Architects and geologists interviewed later said that had the terrorist bomb exploded from the underground of the American embassy building, it would have pulled down the entire building. Worse, it would have caused and earthquake effect very high on Ritcher scale and which would have brought down several other buildings in the neighbourhood, and not just the seven story Ufundi House.

 Another hero I request you to celebrate with me today is Israel Army officer called Gil Wiener.

He is the man who rescued the last survivor to be pulled from the rubble, the banker Sammy Ng’ang’a. I call him a “boy” because that’s how the Israeli officer struck me and colleague Sammy Wambua when we met him at the Hotel Ambassadeur where the Israel Rescue Team was accommodated.

BOYISH LOOKS

He was a happy go-lucky charming man with boyish looks. We requested him to join us at our table which he did with relish. We’d carried enough money to drown him but, luckily, he like us, had capacity and we did justice to the products of the Ruaraka people.

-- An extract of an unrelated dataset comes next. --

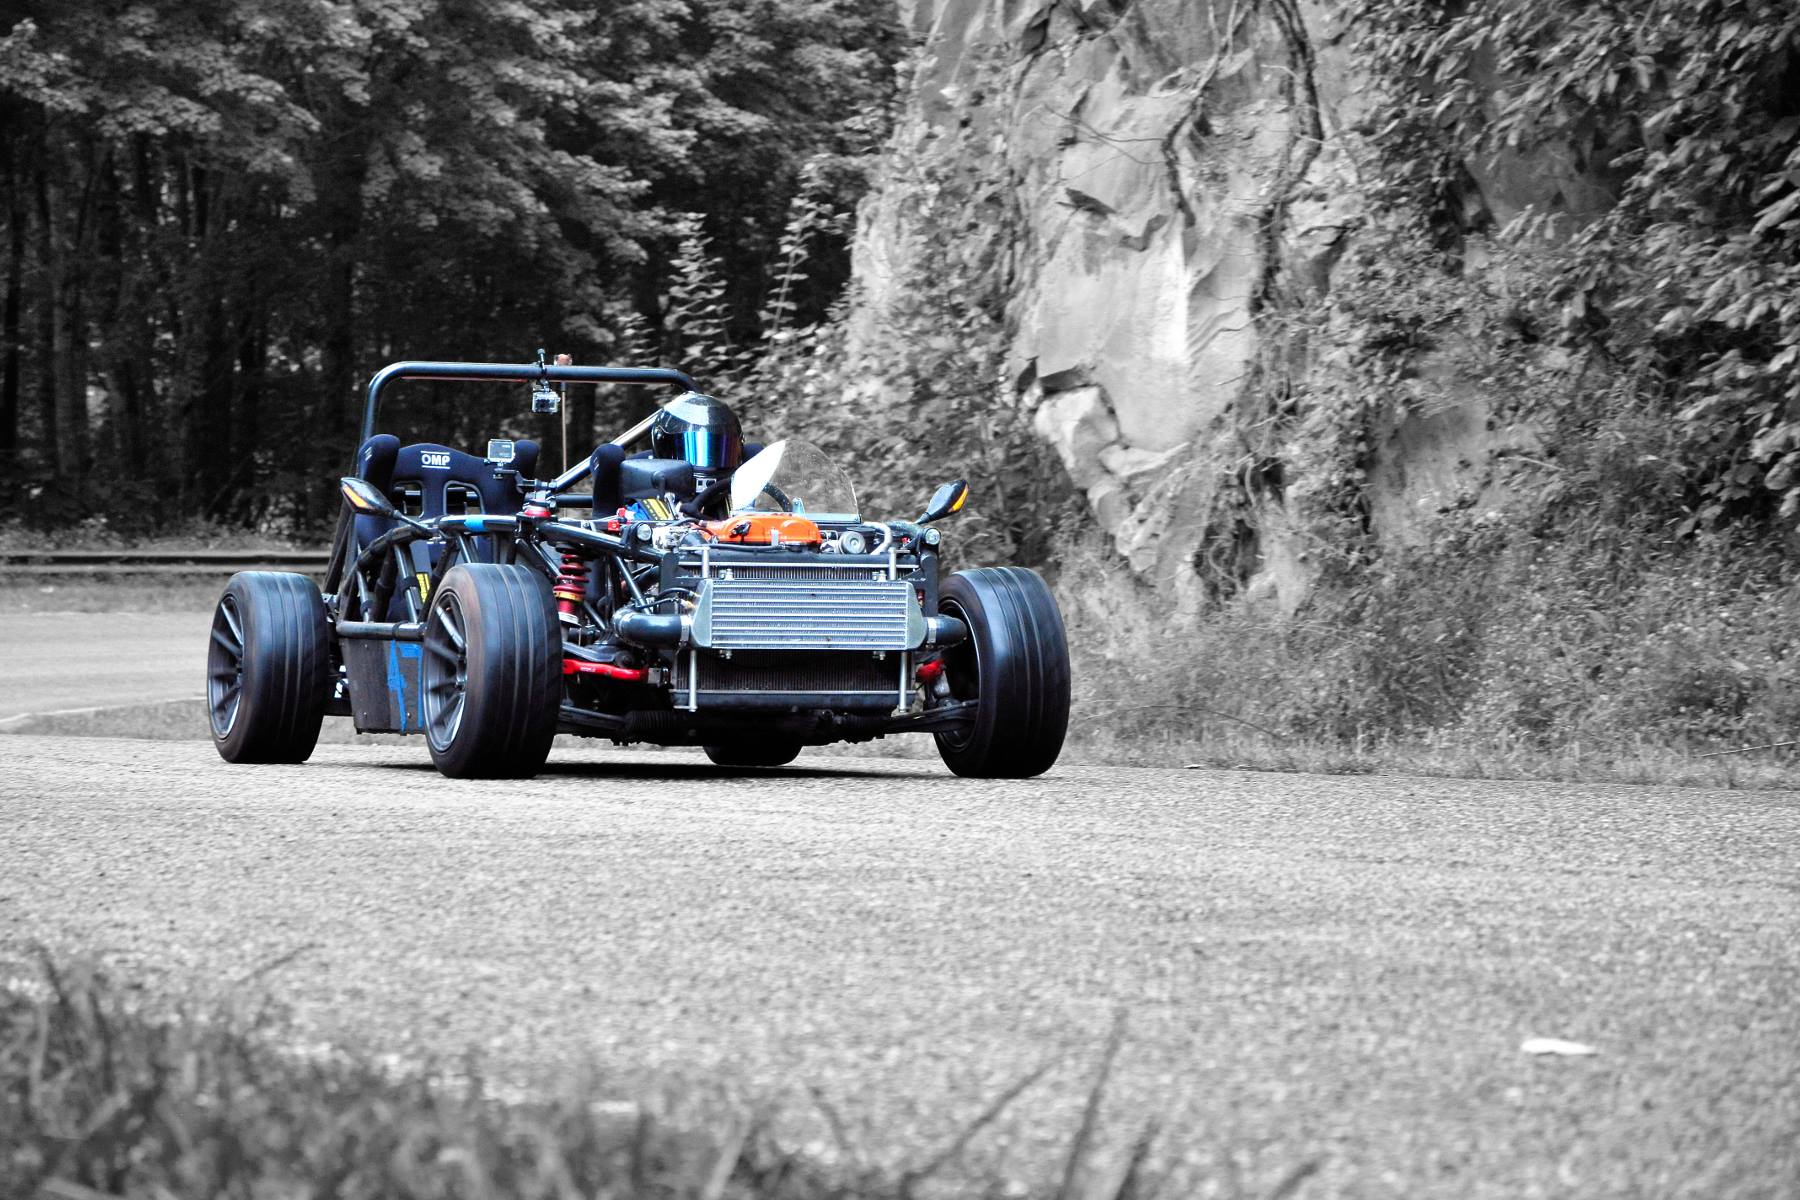 Cool shot of the Exocet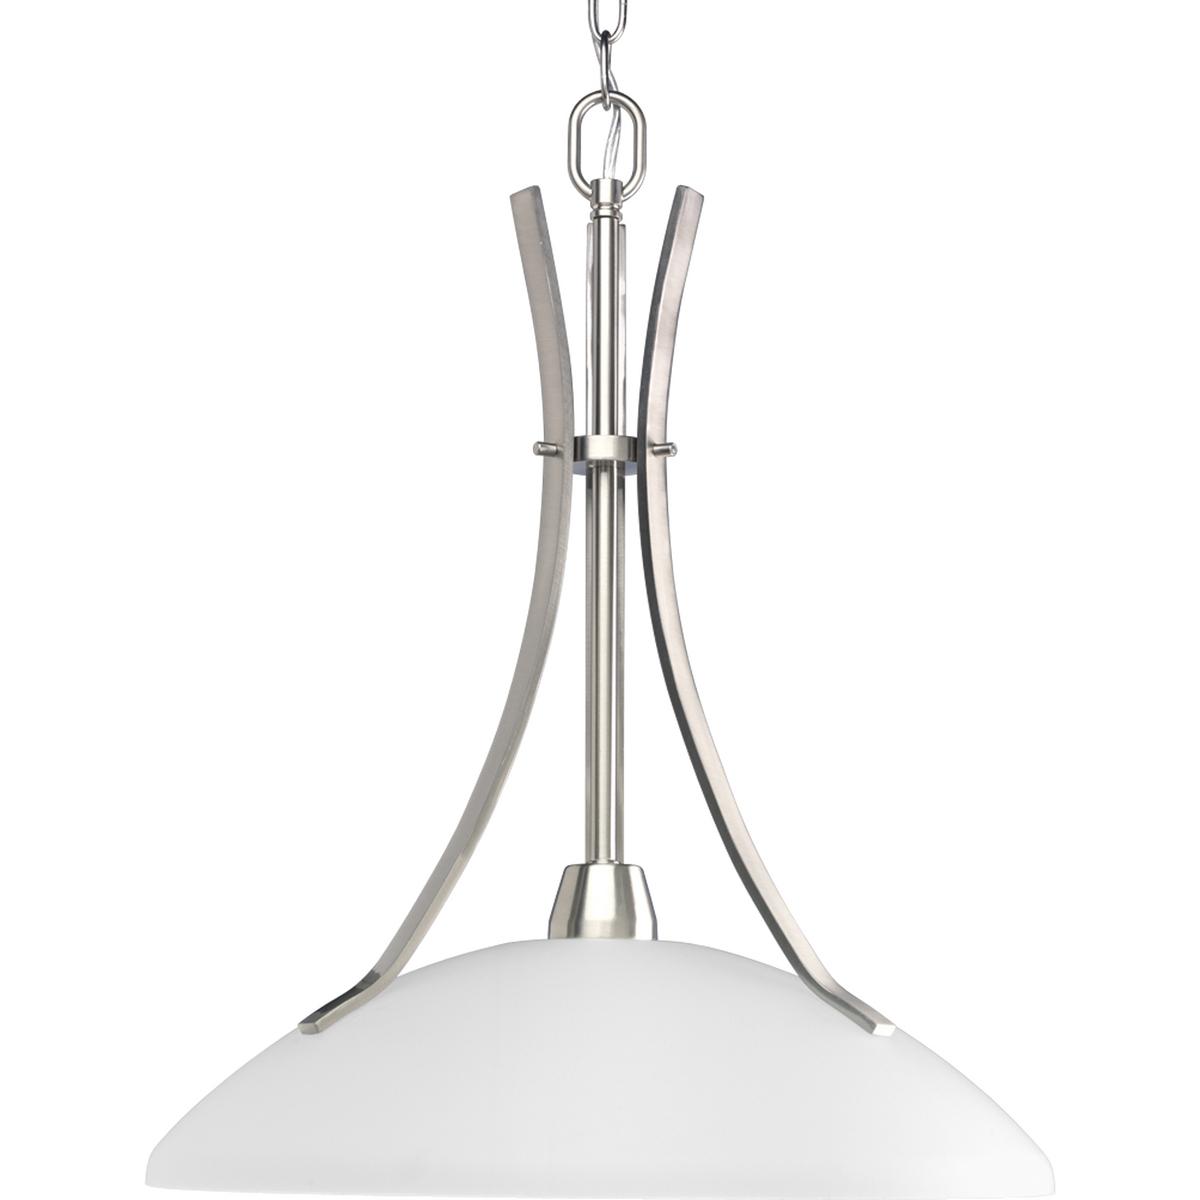 Hubbell P5112-09 The Wisten Collection features sweeping arcs framing elegant, tapered glass shades. Cool and modern with a casual flair, Wisten provides a signature look to any room. One-light pendant with etched glass in a Brushed Nickel finish.  ; Sweeping arms framing

A thing I have never forgotten is that the boy-looking officer was so delighted that they had saved that single life.

This is how he put it: “In Israel, we are born expecting to be blasted dead long before the first suckle. For us even one life living is a great joy!”

A happy Mr Ng’ang’a had echoed almost similar words as the young solider held him immediately he was pulled from the heap of death. Ng’ang’a had said: “Now, I will live to remember what you’ve done for me.”

GREAT KENYANS 

But maximum tribute goes to the great Kenyans who showed that we are, after all, brothers and sisters, and that what unites us as brethren is much more than the little that divide us especially when incited by politicians during elections.

On that day, Kenyans demonstrated great love for one another than can never be told by words. The picture of Cabinet minister Joseph Kamotho carried shoulder high and rushed to hospital by a PSV vehicle perhaps is best reminder that we are all our brother’s keeper.

HEROINE OF ALL TIMES

But the heroine of the day we shall never forget is Ms Rose Wanjiku. For six days she kept us hoping that she was still alive and would be pulled from the rubble.

Her cry for help under the rubble for days encouraged the rescue teams with hope that one more person would be found alive.

She was finally found dead but her spirit lives.

The cover words of the Daily Nation on August 13, 1998, couldn’t have put it better. It read: “This is Rose Wanjiku: Kenya’s Candle in the Wind”. She taught us to be strong against all odds. We shall overcome.